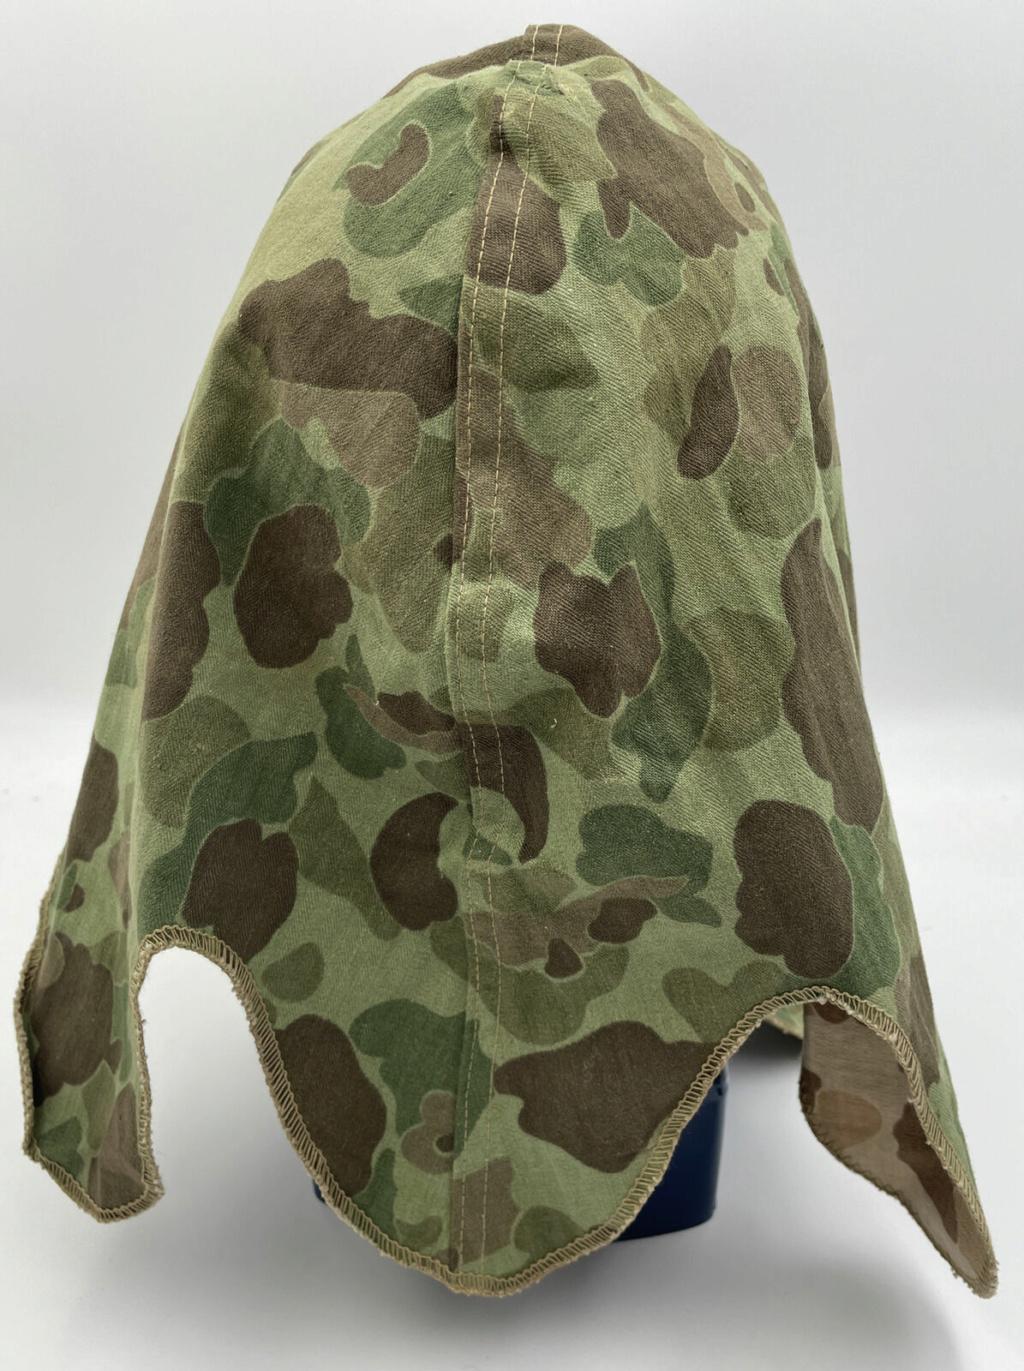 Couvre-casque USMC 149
= = = = =
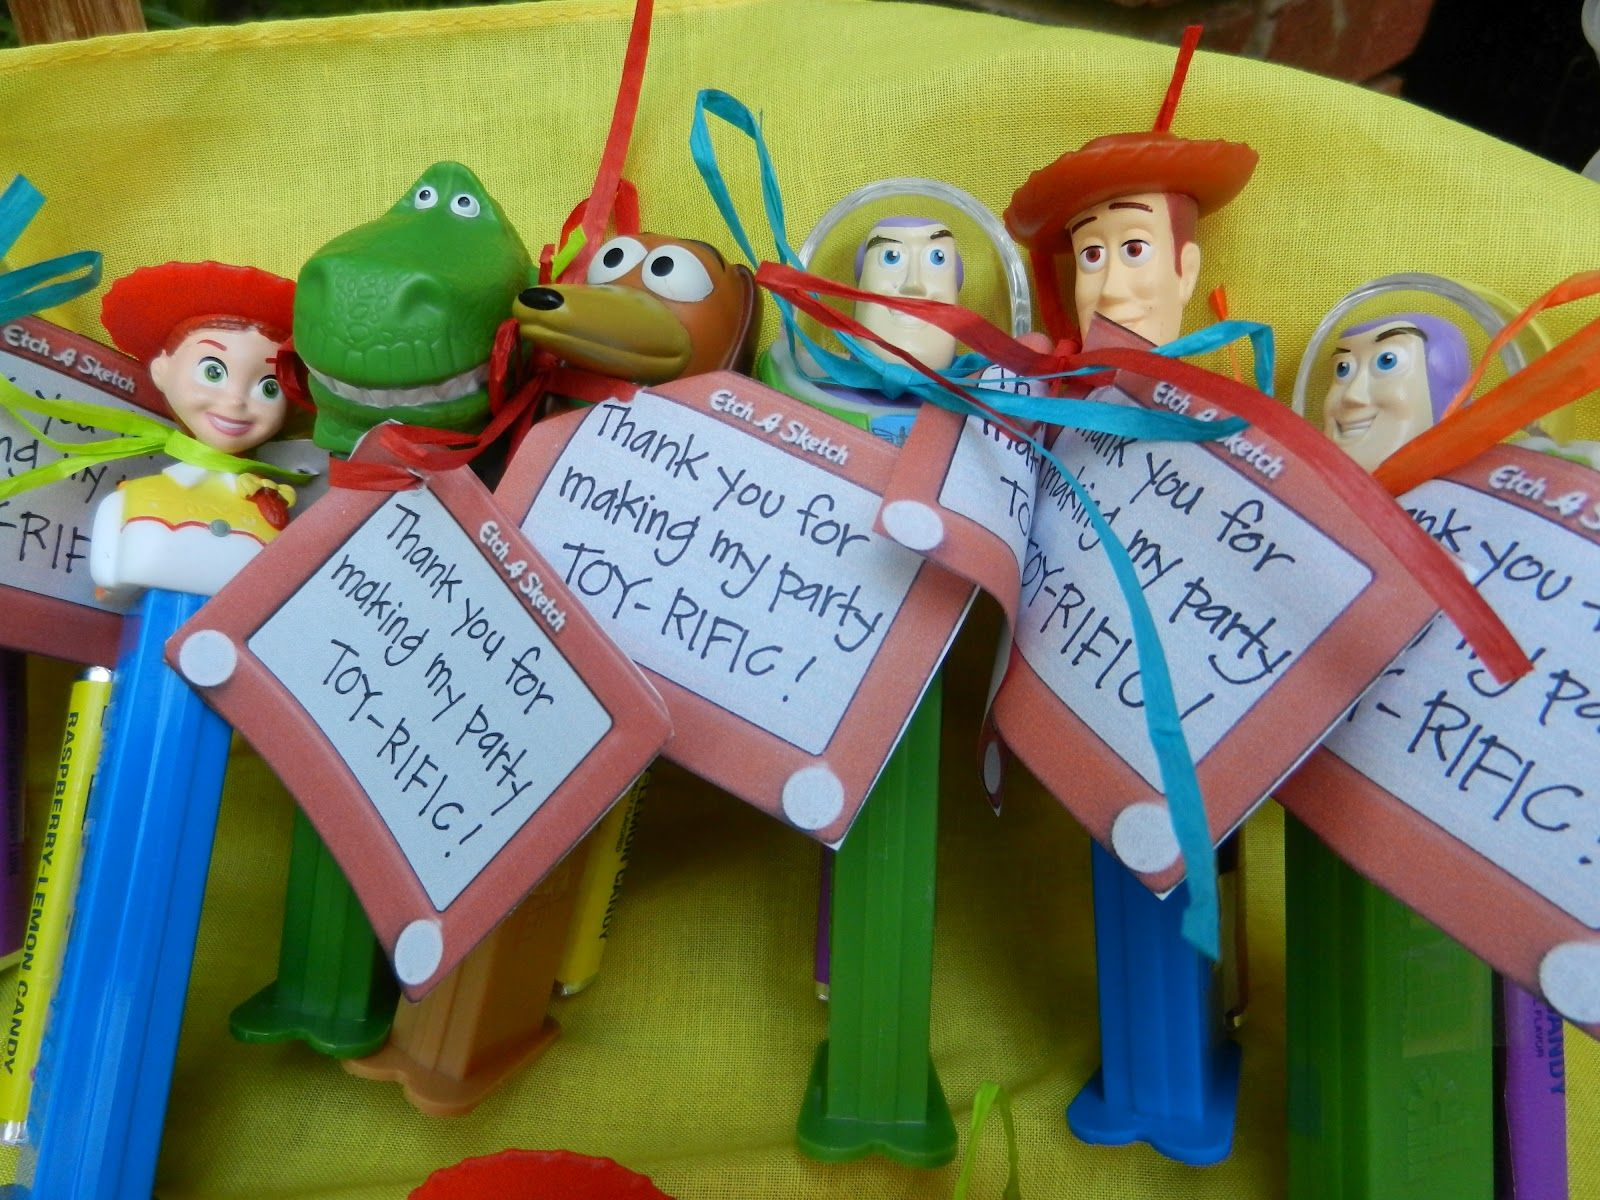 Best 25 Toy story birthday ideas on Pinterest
= = = = =
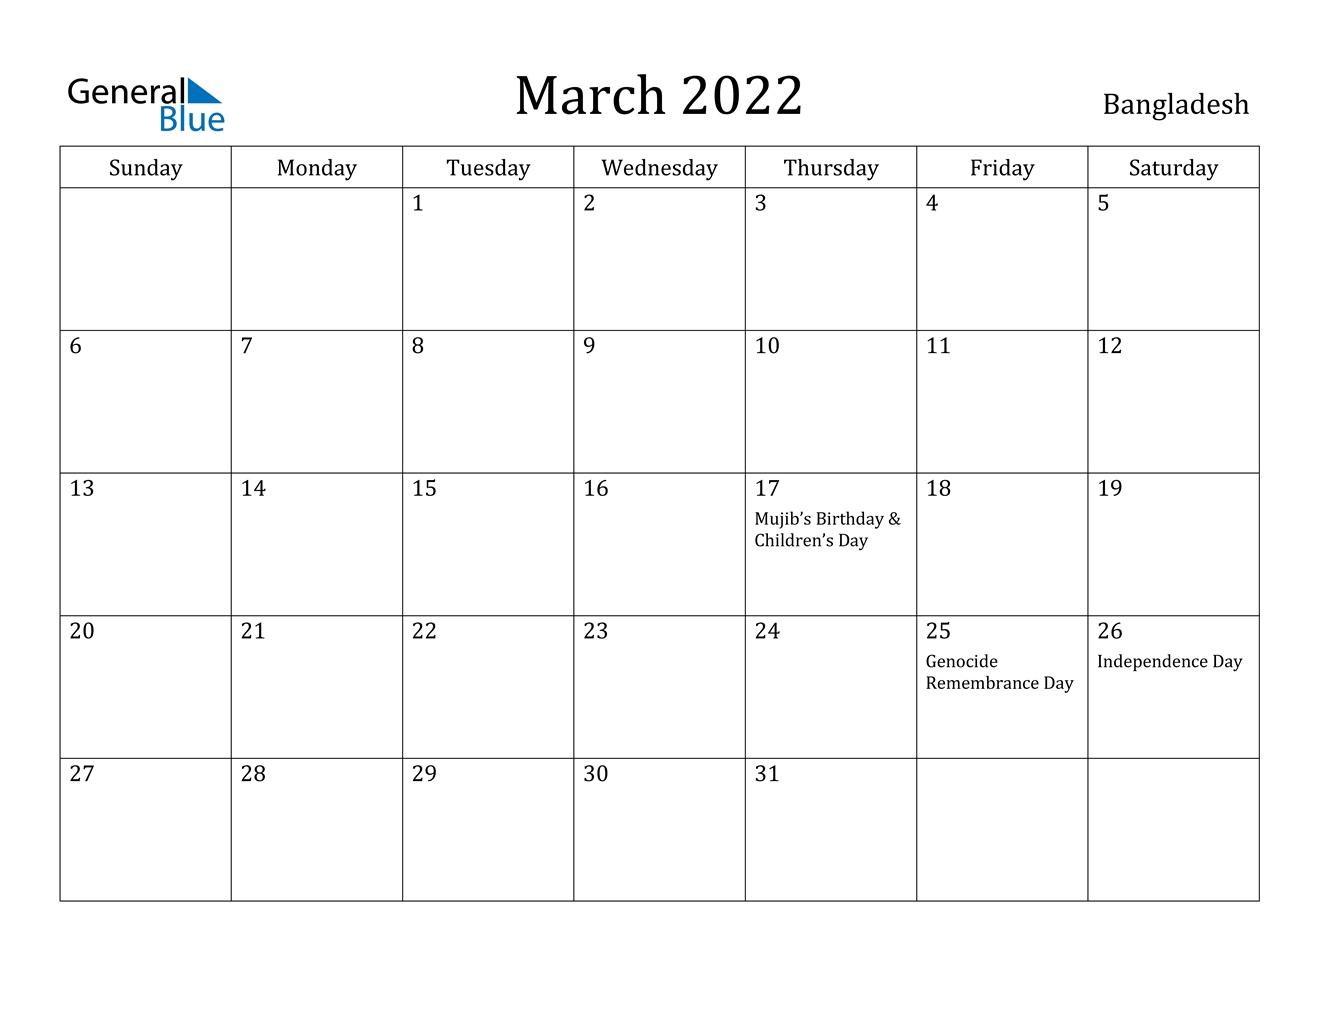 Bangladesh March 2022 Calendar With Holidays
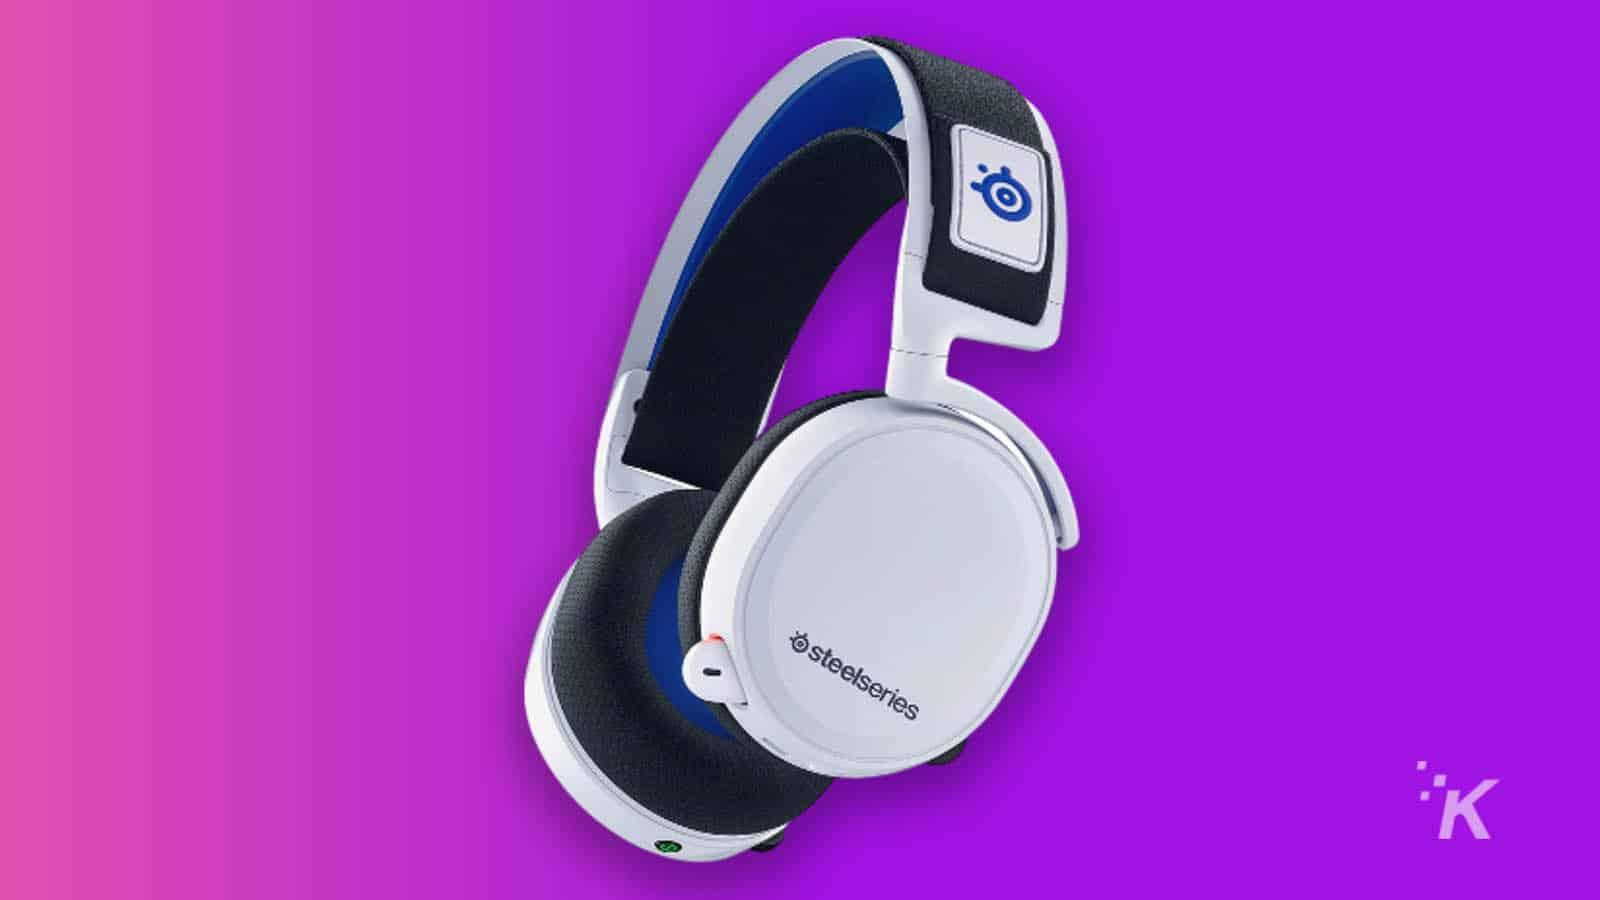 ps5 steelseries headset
= = = = =
Task directions ::
Copy word for word the lines of the records above from the one with "Bangladesh March 2022 Calendar With Holidays" up to and including the one with "ps5 steelseries headset". Skip the pictures.

Solution ::
 Bangladesh March 2022 Calendar With Holidays
 ps5 steelseries headset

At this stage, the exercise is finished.